En plus de cette aide à court terme, nous avons entrepris
un examen à long terme de la politique des loyers aux
aéroports loués afin d’évaluer
leur effet sur les aéroports, les transporteurs aériens,
les passagers et les contribuables.
Nous avons aussi déposé la Loi sur les aéroports
du Canada. Cette loi articule une structure de gouvernance
et des exigences en matière de transparence et de responsabilité
plus claires. Les transporteurs aériens et les passagers
pourront ainsi exprimer davantage leurs vues sur les redevances
exigées par les aéroports.
Nous continuons de surveiller la situation. N’ayez
aucun doute à ce sujet : Nous sommes très préoccupés
par la santé de nos transporteurs aériens et
de nos aéroports. Cependant, nous continuons de croire,
comme je l’ai dit plus tôt, que notre rôle
consiste à créer un cadre stratégique
stable, tout en permettant aux forces du marché de
s’exercer.
J’estime que la Politique nationale des aéroports
a porté fruit, mais elle comporte encore des lacunes
qui doivent être comblées. C’est pourquoi
Transports Canada a entrepris l’examen de la politique
des loyers et soumettra ses résultats au Cabinet aux
fins d’étude.
Tout d’abord, il existe un manque d’homogénéité
entre les loyers perçus aux divers aéroports.
Deuxièmement, le concept de loyer participatif peut
miner l’intégrité financière du
système.
Troisièmement, la notion de paiement de loyer à
la Couronne pour 60 ans, particulièrement pour les
petits aéroports, pourrait aussi saper l’intention
même de la politique. Devrions-nous réduire les
loyers, puis les geler? Ou tout simplement les geler? Le concept
d’une redevance permanente à la Couronne peut
se défendre, mais avons-nous établi un calendrier
de paiements réaliste?
Nous sommes aussi conscients des pressions exercées
sur les petits aéroports régionaux. Est-il juste
d’appliquer le concept de l’utilisateur-payeur
- qui a cours dans les grands aéroports du Réseau
national d’aéroports - aux aéroports des
plus petites collectivités?

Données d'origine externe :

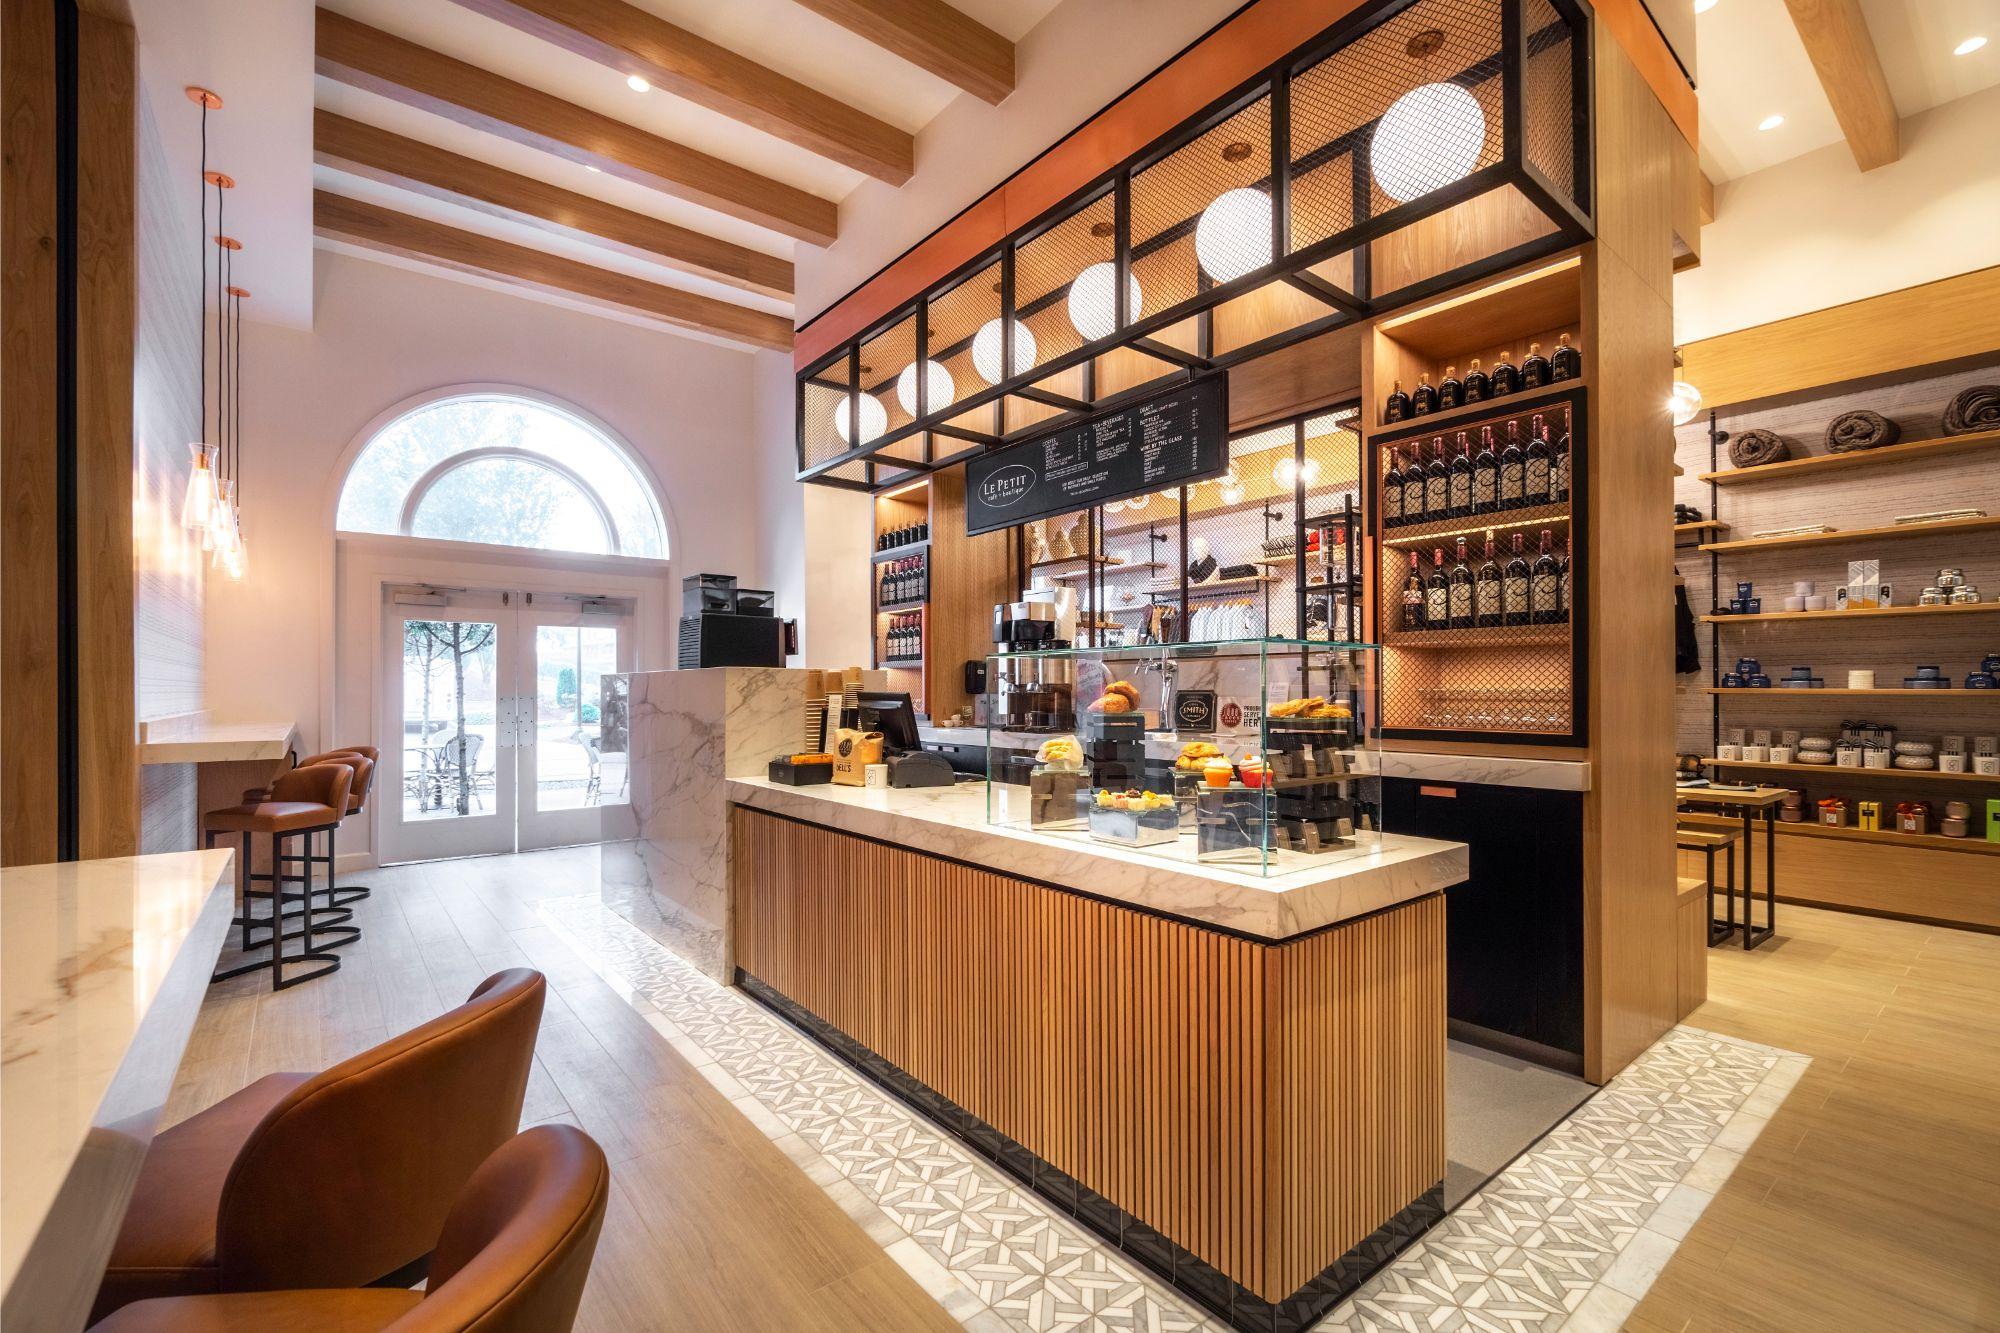 Le Petit Cafe Braselton

Nous examinons en ce moment
ces questions, aux fins de discussion par le Cabinet.
Cette philosophie axée sur le marché sous-tend
notre nouveau cadre stratégique Droit devant - Une
vision pour les transports au Canada, que j’ai publié
cette année.
Entre autres choses, Droit devant exhorte le gouvernement
du Canada à poursuivre la libéralisation progressive
de ses accords aériens bilatéraux, sur la base
de l’accord Ciels ouverts canado-américain de
1995. Cet accord sans précédent a permis aux
exploitants canadiens et américains d’avoir facilement
accès aux marchés transfrontaliers. Il a aussi
contribué à la croissance des transporteurs
aériens canadiens.
Au moment où nous envisageons la libéralisation
d’accords aériens, plusieurs voix s’élèvent
demandant au gouvernement d’abaisser le plafond d’actions
que peuvent détenir des étrangers ou de permettre
le cabotage pour accroître la concurrence. J’admets
que la concurrence doit être favorisée, mais
ce n’est pas le seul moyen de relancer l’industrie.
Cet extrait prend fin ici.